Glenn Slater (born January 28, 1968) is an American lyricist for musical theatre. He has collaborated with Alan Menken, Christopher Lennertz, Andrew Lloyd Webber, among other composers. He was nominated for three Tony Awards for Best Original Score for the Broadway version of The Little Mermaid at the 62nd Tony Awards in 2008, Sister Act at the  65th Tony Awards in 2011, and School of Rock at the 70th Tony Awards in 2016.

Early life
Slater was born in Brooklyn, New York. He is Jewish. Raised in East Brunswick, New Jersey, he graduated from East Brunswick High School as part of the class of 1986; he became interested in drama while at high school after an unsuccessful effort as a songwriter with a band. In 1990, he graduated from Harvard University where he composed Hasty Pudding Theatricals' 141st production, Whiskey Business. He has received the ASCAP Foundation's Richard Rodgers New Horizon Award with composer Stephen Weiner.

Career
Slater wrote the lyrics for the Off-Broadway stage revue Newyorkers produced by the Manhattan Theatre Club in 2001.  He has written lyrics for six editions of Ringling Brothers & Barnum and Bailey Circus.

His first work with Alan Menken was writing the lyrics for the film Home on the Range in 2004 and the stage production Sister Act the Musical (2006).

He wrote the lyrics for the stage adaptation of Disney's The Little Mermaid (2008), replacing the animated film's original lyricist Howard Ashman, who died in 1991. He also worked with Menken on the new musical version of Leap of Faith.

Slater and his wife, Wendy Leigh Wilf, wrote the book, music and lyrics to a new musical Beatsville that received a production at the 2008 NAMT Festival of New Musicals, in New York.  It is based on the 1959 Roger Corman film A Bucket of Blood.

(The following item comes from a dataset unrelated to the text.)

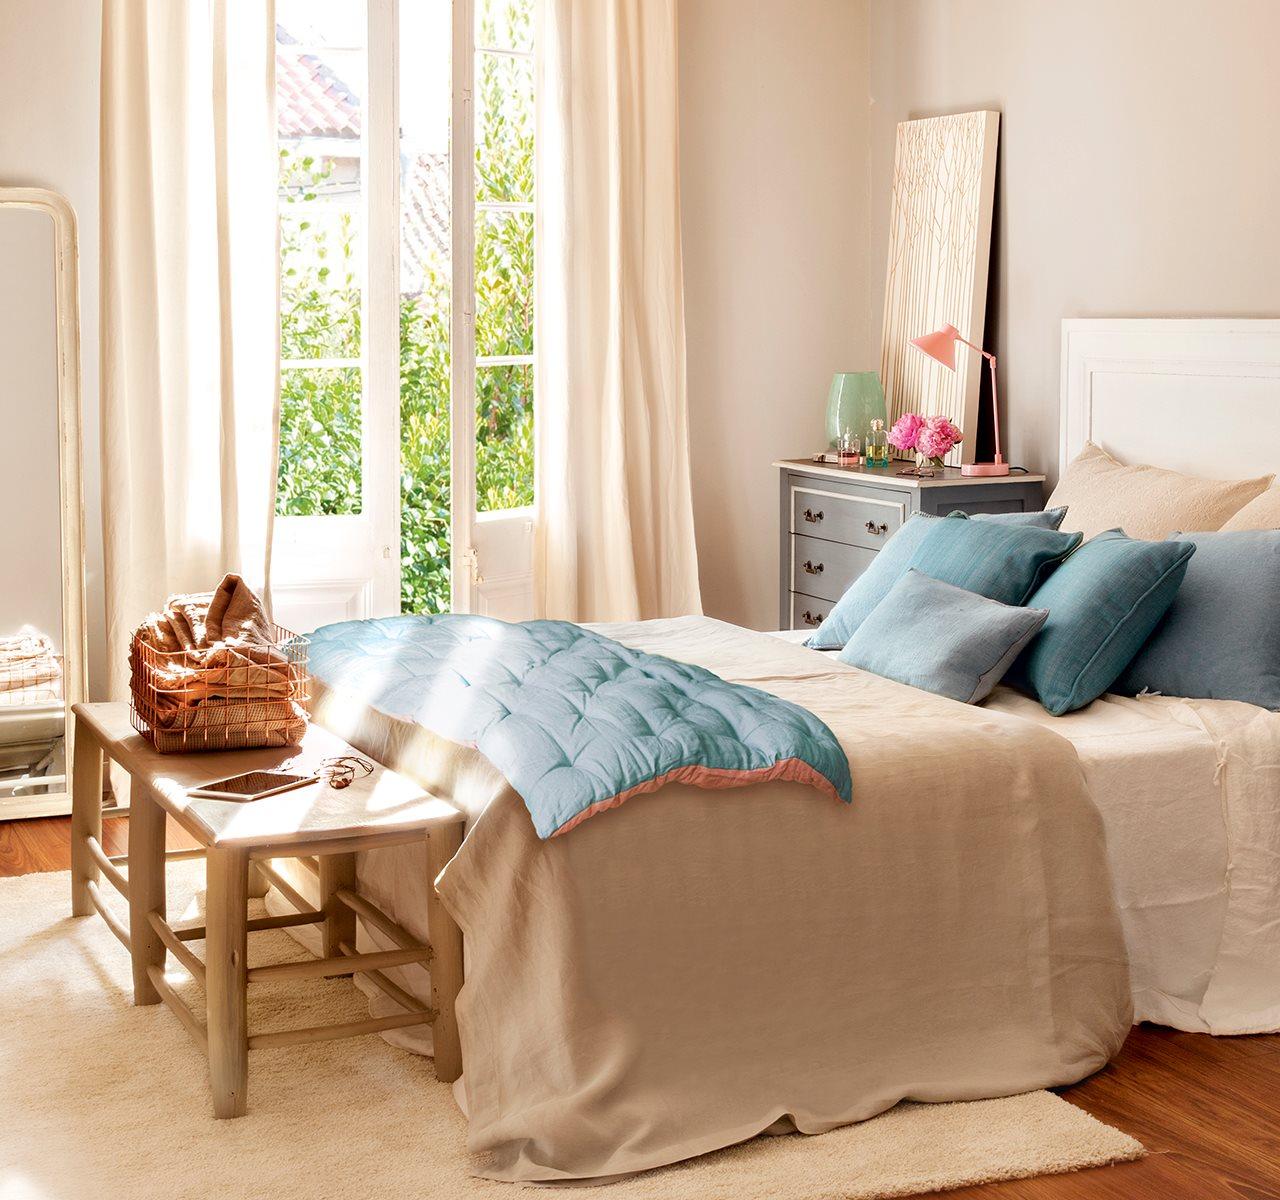 Un dormitorio con cinco estilos diferentes cu l te gusta for Cual es la cama mas grande

He has also composed the lyrics and co-wrote the book for the major Andrew Lloyd Webber musical Love Never Dies, which is a sequel to Lloyd Webber's 1986 musical The Phantom of the Opera. The show premiered in the West End in March 2010.

Adding to his career as a lyricist, Slater wrote the lyrics for the songs in Disney's 50th animated feature Tangled. In 2015 he worked again with Andrew Lloyd Webber for the Broadway musical School of Rock and continued his working relationship with Alan Menken writing lyrics for the songs of Galavant on ABC.

Slater attended the BMI Musical Theatre Workshop and was a resident writer with Musical Theatreworks.

Awards and honors
Slater has received the Kleban Award for Lyrics, the ASCAP Foundation Richard Rodgers New Horizons Award and the Jonathan Larson Award.

He was nominated for the 2008 Tony Award for Best Original Score for The Little Mermaid and received his second nomination for this award in 2011 for Sister Act.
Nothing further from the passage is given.